The Hidden Costs of Tokenization: A Comparative Analysis
Different AI model families use various tokenizers, but there’s been limited analysis on how the tokenization process varies across these tokenizers. This article explores whether all tokenizers result in the same number of tokens for a given input text and examines the practical implications of tokenization variability, focusing on OpenAI’s GPT-4o and Anthropic’s Claude 3.5 Sonnet.
API Pricing Comparison
As of June 2024, both models have competitive pricing structures. Claude 3.5 Sonnet offers a 40% lower cost for input tokens compared to GPT-4o, while their output token costs are identical. However, experiments revealed that running tests with GPT-4o was cheaper than with Claude 3.5 Sonnet on a fixed set of prompts.
The Hidden ‘Tokenizer Inefficiency’
The discrepancy in costs stems from Anthropic’s tokenizer breaking down input into more tokens than OpenAI’s tokenizer. For identical prompts, Anthropic models produce considerably more tokens, offsetting the savings from lower input token costs and leading to higher overall costs in practical use cases. This ‘tokenizer inefficiency’ significantly impacts costs and context window utilization.
Domain-Dependent Tokenization Inefficiency
Different content types are tokenized differently by Anthropic’s tokenizer, leading to varying levels of increased token counts compared to OpenAI’s models. Tests on English articles, Python code, and mathematical content showed:
- English articles: Claude’s tokenizer produced approximately 16% more tokens than GPT-4o
- Python code: Claude generated 30% more tokens
- Math content: 21% more tokens
The variation occurs because technical content, such as code and mathematical equations, contains patterns and symbols that Anthropic’s tokenizer fragments into smaller pieces, resulting in higher token counts.

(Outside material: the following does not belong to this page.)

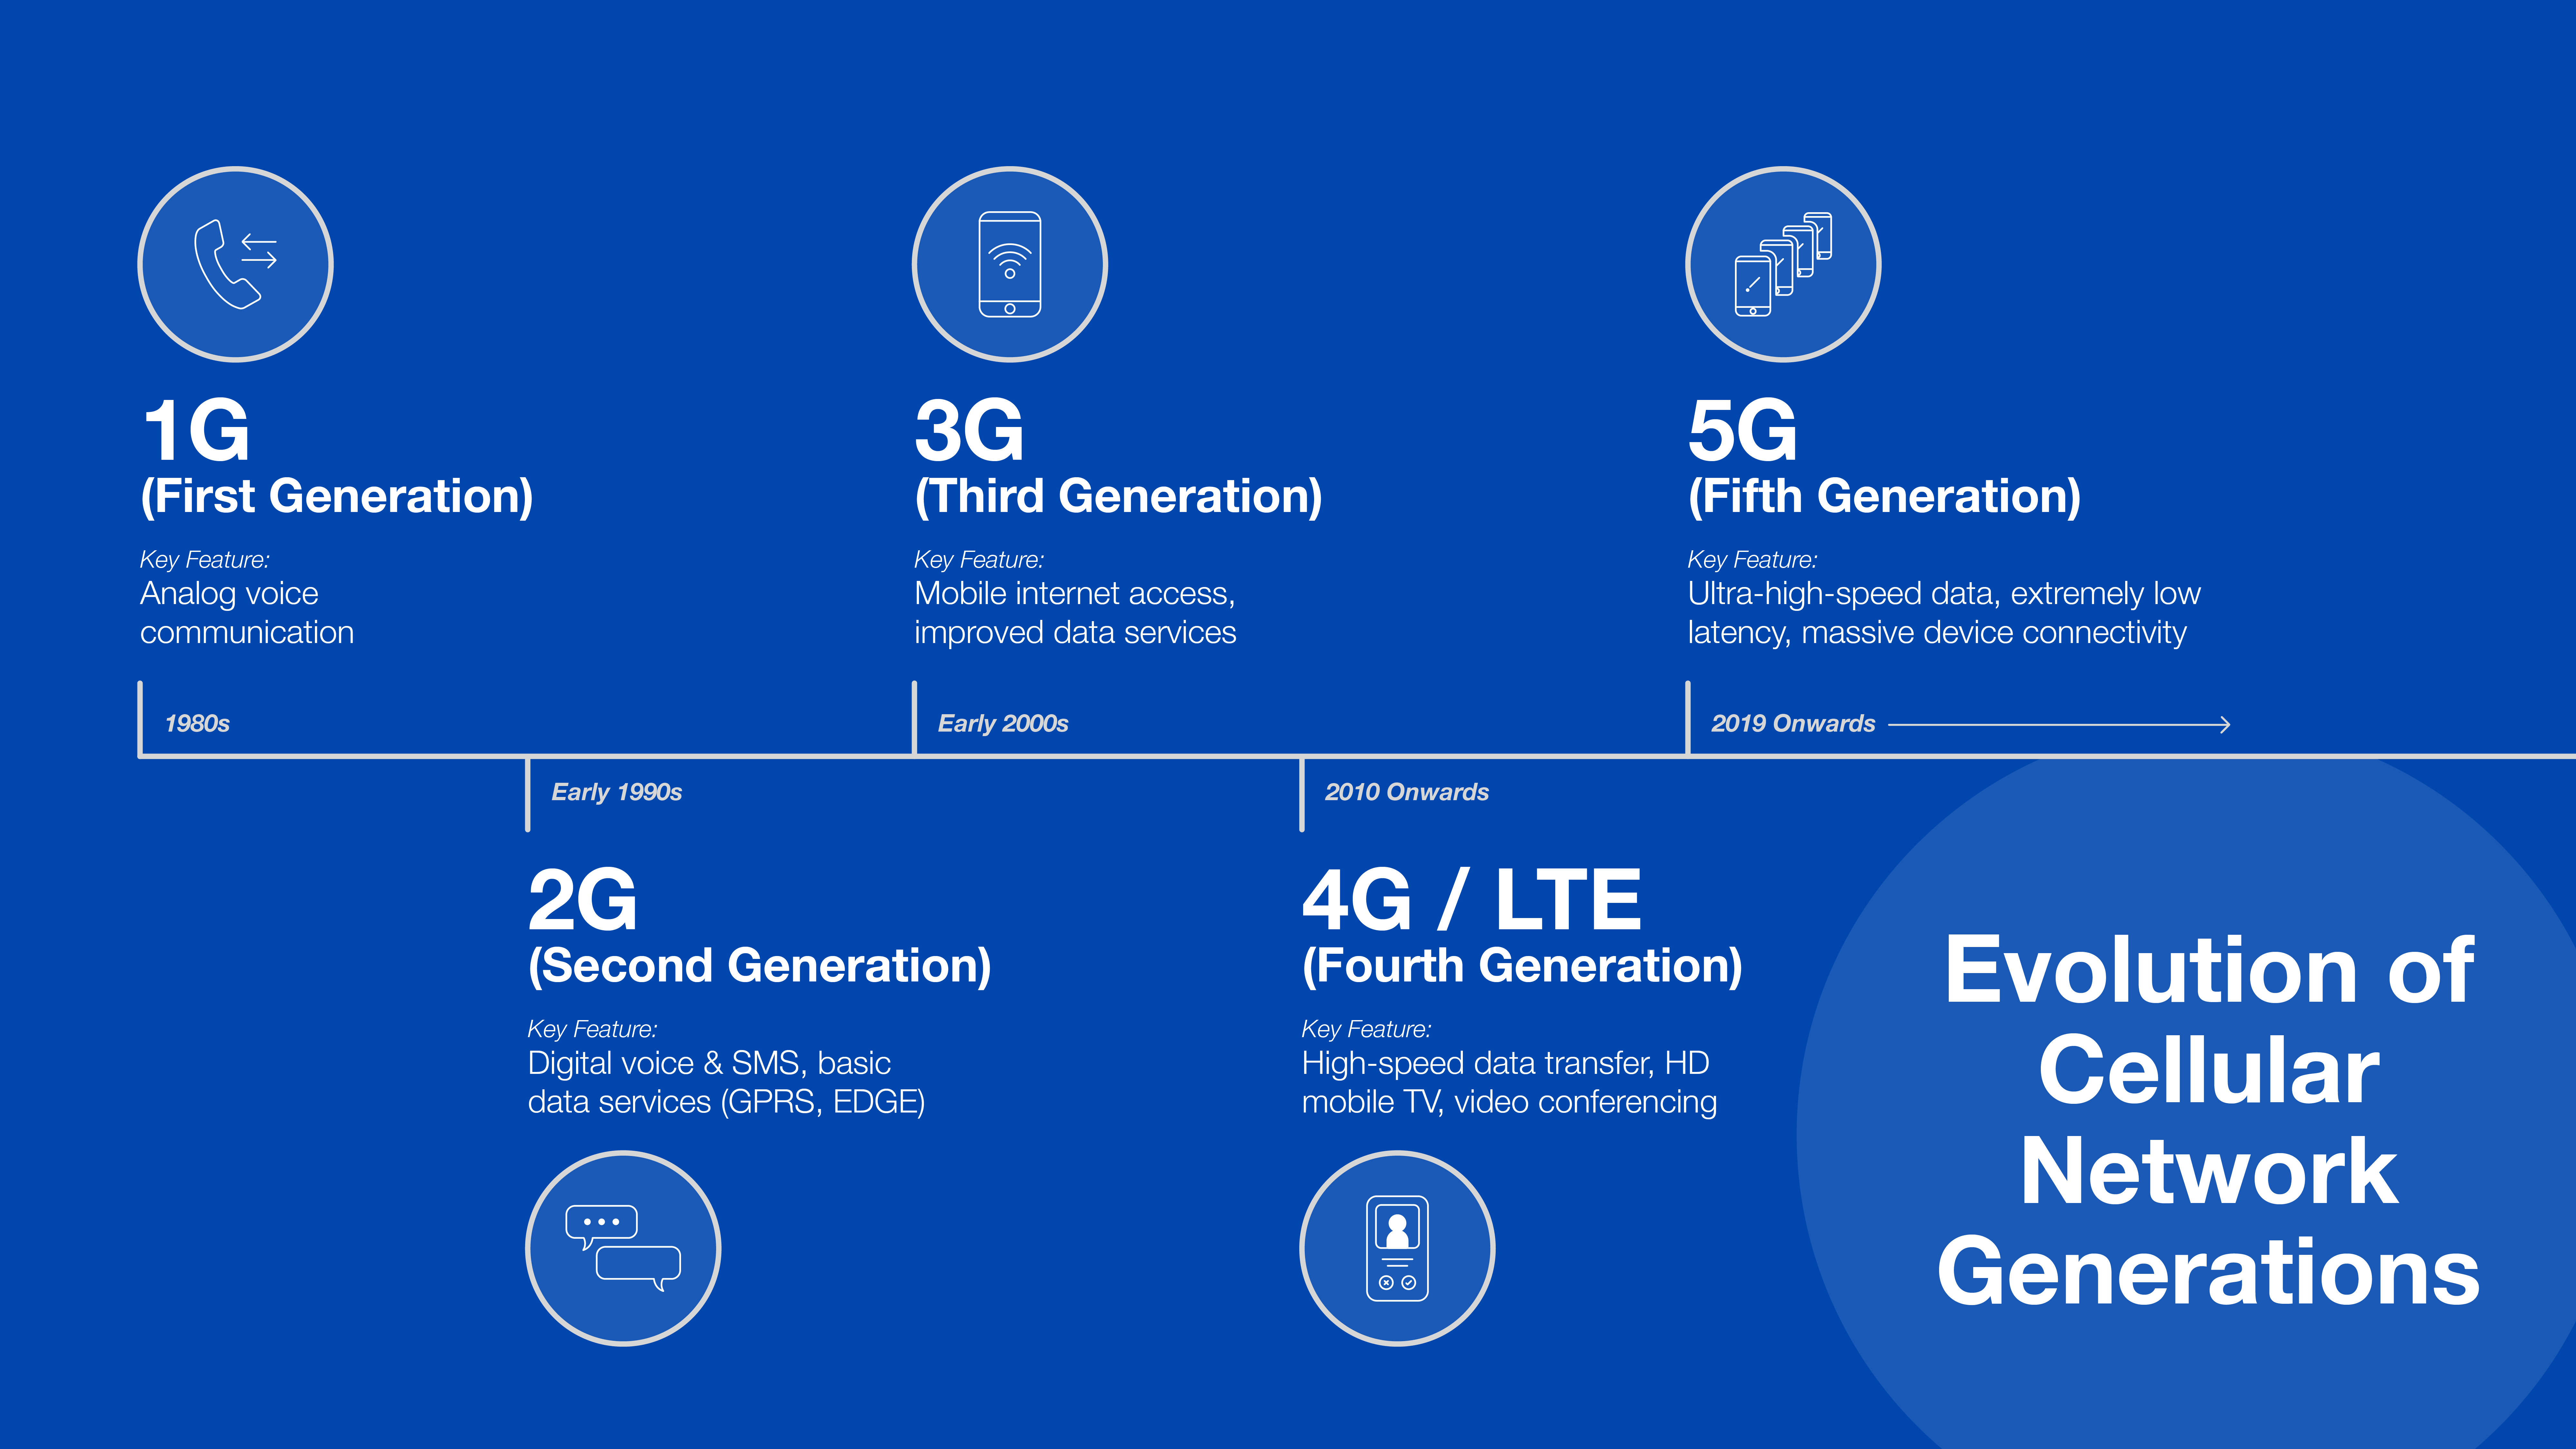 evolution of networks from 1G to 5G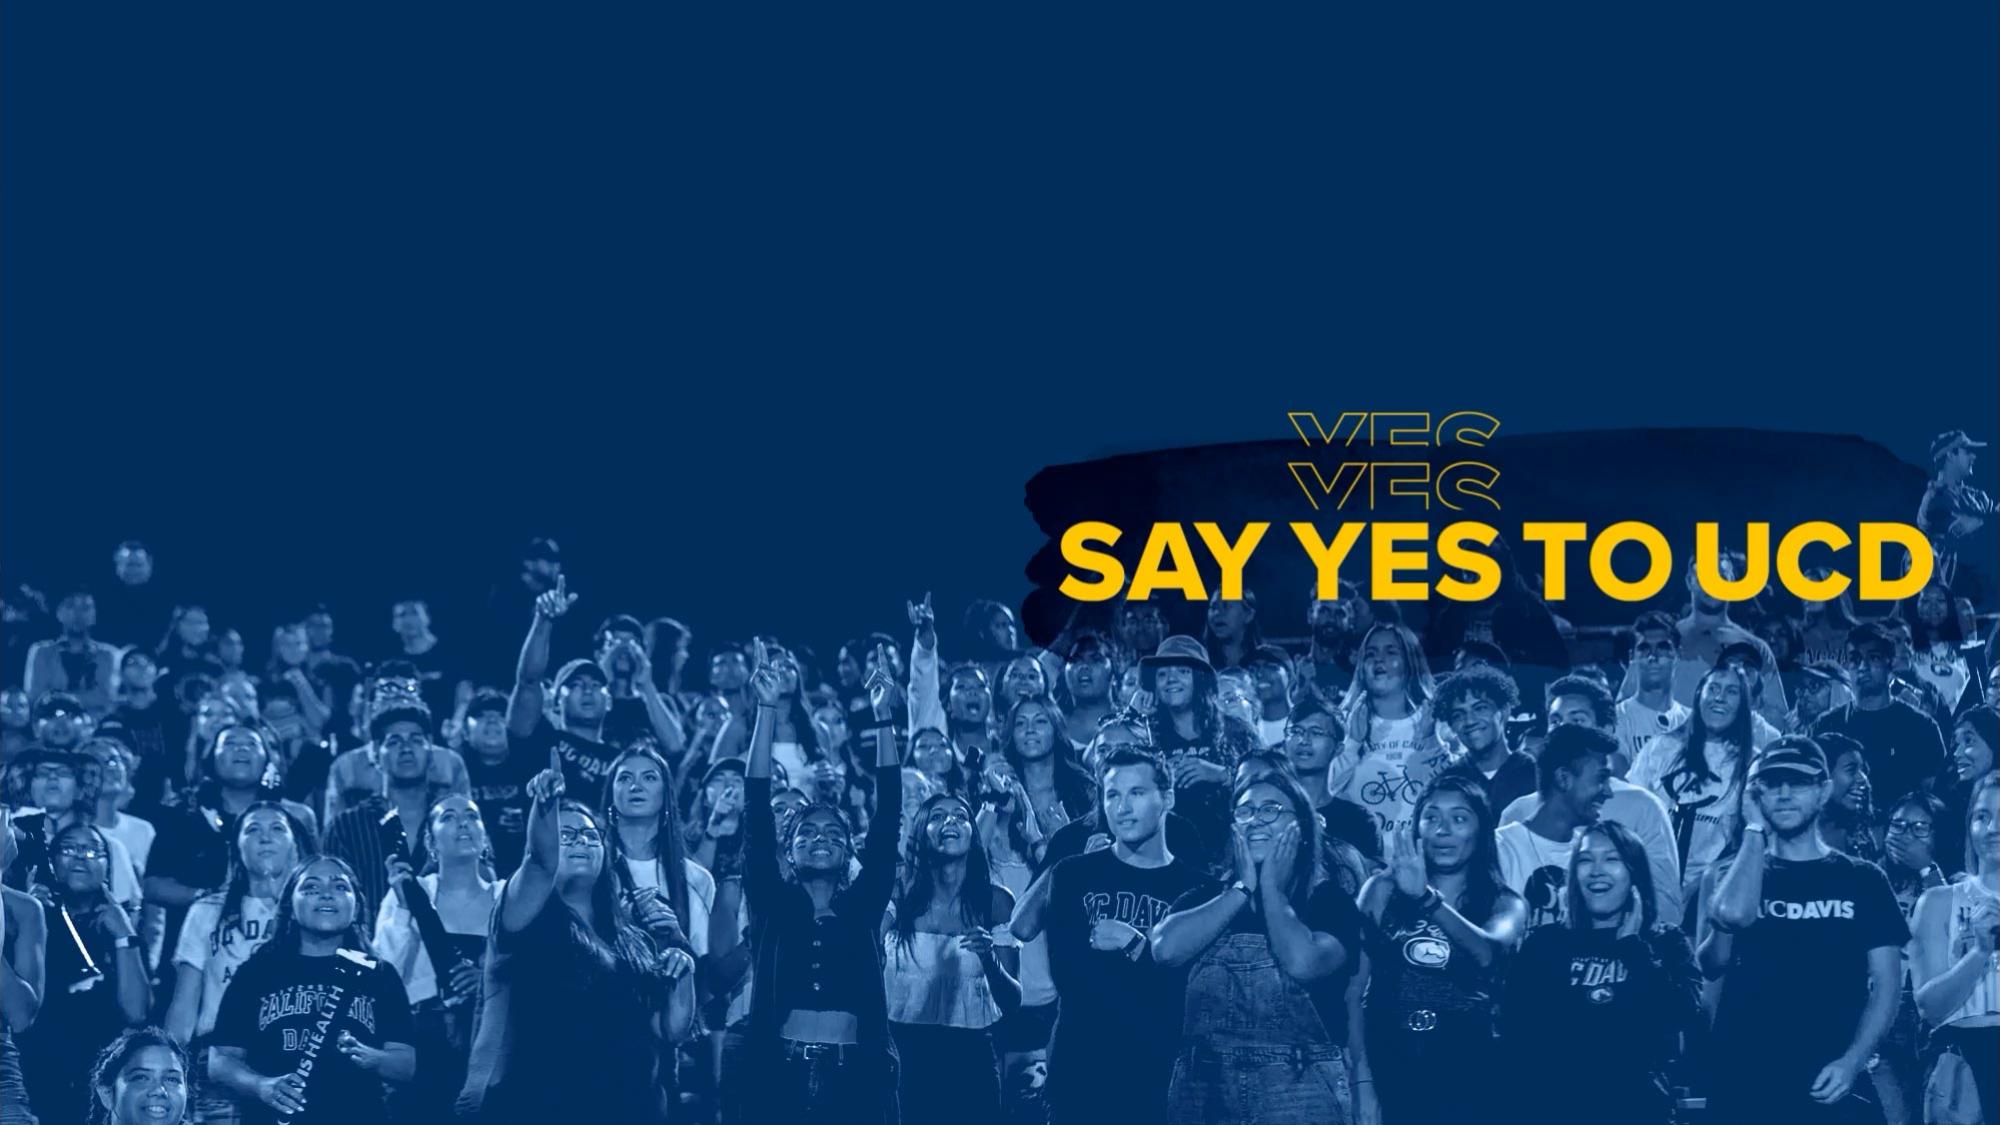 A blue tone image of a large group of students cheering with "Say Yes! to UC Davis over it and confetti raining down

Practical Implications Beyond Cost
The tokenizer inefficiency also affects context window utilization. Although Anthropic models have a larger advertised context window (200K tokens) compared to OpenAI’s (128K tokens), the effective usable token space may be smaller due to verbosity.
Tokenizer Implementation
GPT models use Byte Pair Encoding (BPE), specifically the o200k_base tokenizer. In contrast, Anthropic’s tokenizer details are not readily available, though it’s known to have fewer token variations (65,000) compared to GPT-4 (100,261).
Key Takeaways
- Anthropic’s competitive pricing comes with hidden costs due to tokenizer inefficiency.
- The degree of tokenizer inefficiency varies significantly across content domains, with technical content being more affected.
- The effective context window size may differ from advertised sizes due to tokenizer verbosity.
Understanding these differences is crucial for businesses processing large volumes of text when evaluating the true cost of deploying AI models.